Final answer:
To cancel out the z-component of the electric field at the origin generated by point charges at (3m, -2m, -9m) and (6m, -5m, 1m), calculate the z-components of their fields at the origin and determine the necessary magnitude of a third charge at (0,0,3m) to produce an equal but opposite z-component.
Step-by-step explanation:
To determine the charge that would create an electric field at the origin with no net z component, one must consider the effects of the other two charges already placed in the space. The existing point charges of 1μC at (3m, -2m, -9m) and -3μC at (6m, -5m, 1m) create electric fields that contribute to the z-component of the electric field at the origin.
We want to place a third charge at (0,0,3m) such that it cancels out the z-component of the net electric field due to the other two charges at the origin. Knowing that the electric field produced by a point charge decreases with the square of the distance, we can use Coulomb's Law to calculate the necessary charge.
Firstly, compute the z-components of the electric fields from the two existing charges at the origin.

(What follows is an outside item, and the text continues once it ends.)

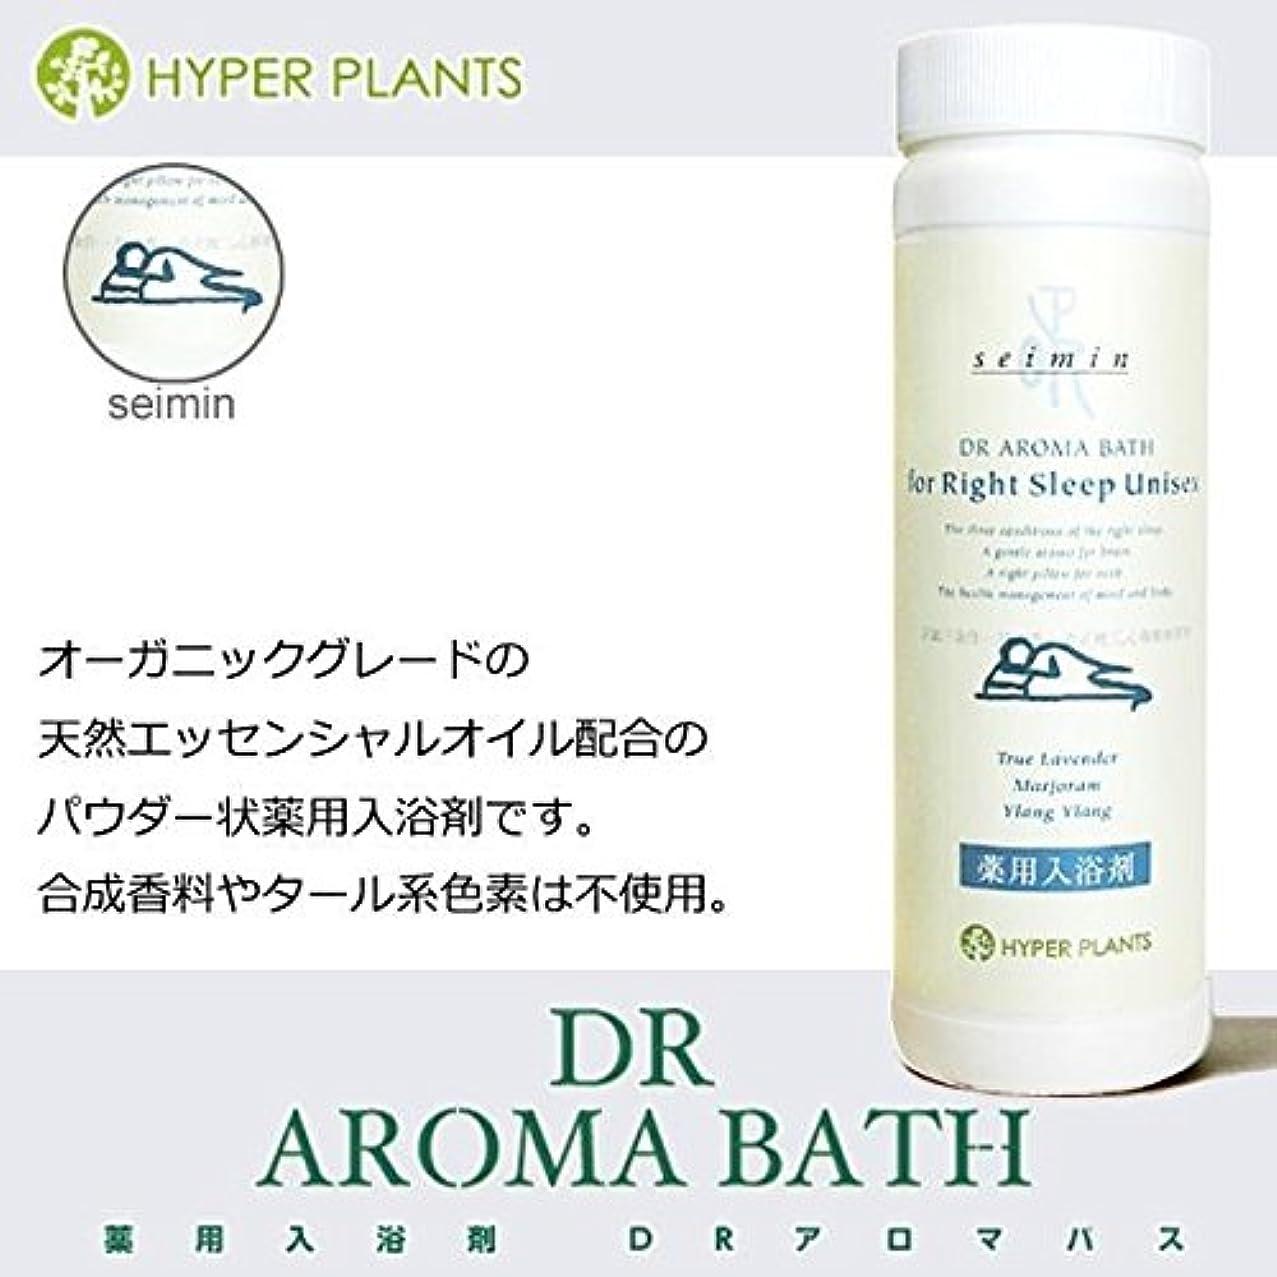 北東真鍮遠え医薬部外品 薬用入浴剤 ハイパープランツ(HYPER PLANTS) DRアロマバス 正眠 500g HYB023
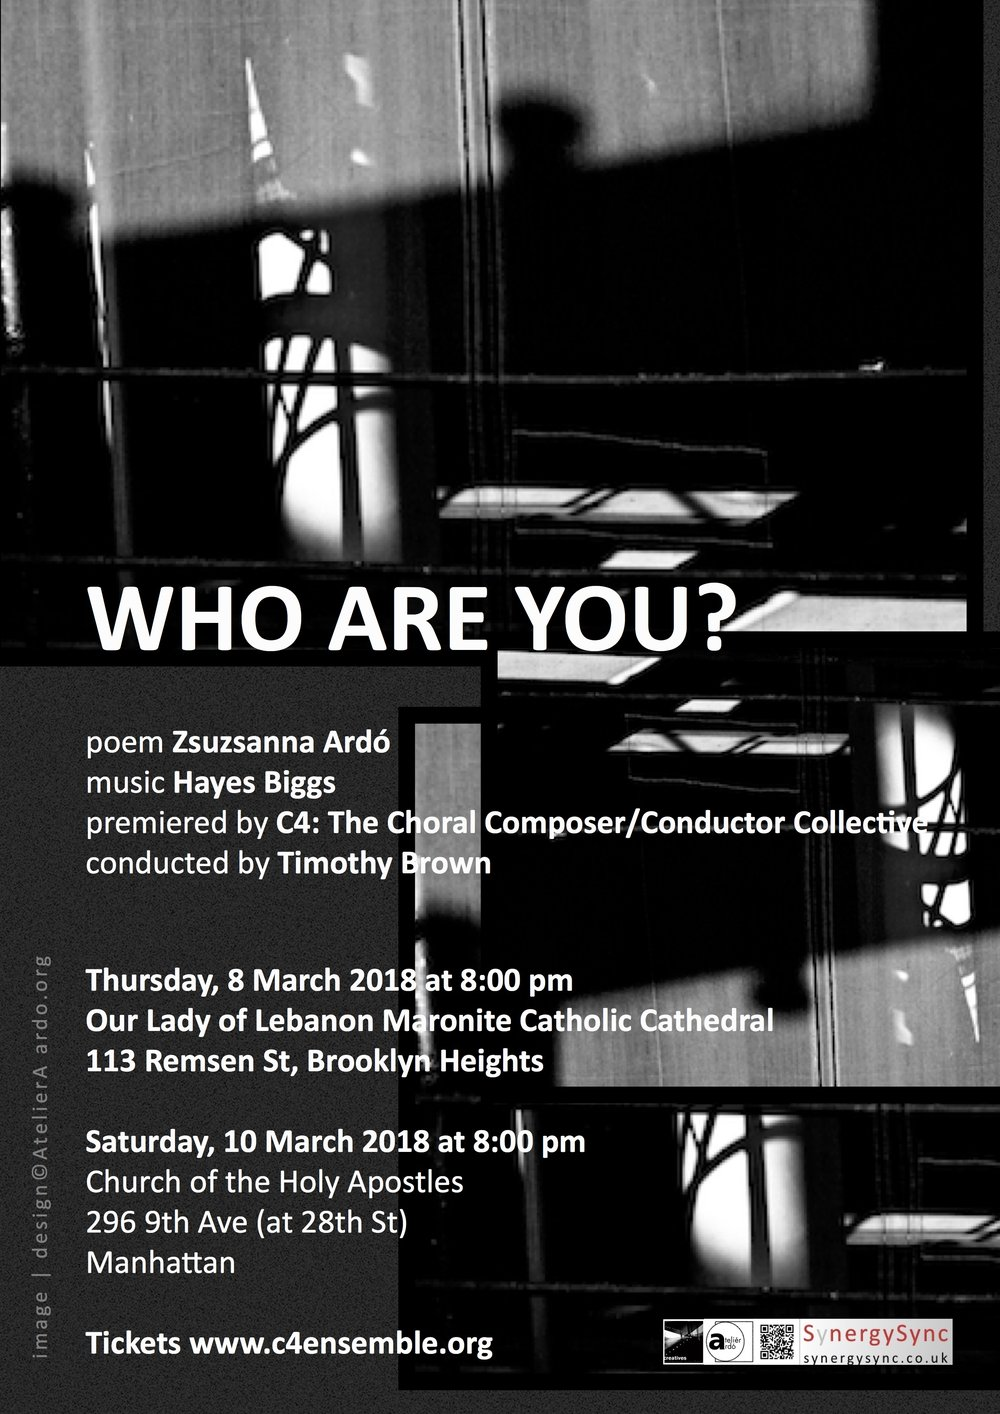 18 US NY C4 Who are you? poster©Zsuzsanna Ardo.jpg

Then, knowing the distance and direction from the third charge's position to the origin, find the magnitude of the required charge that would produce an electric field of equal magnitude but in the opposite direction to the sum of the z-components of the electric fields from the existing charges.
This is a complex calculation that involves vector components, the principle of superposition, and may require the use of calculus, depending on the precision required for the calculation.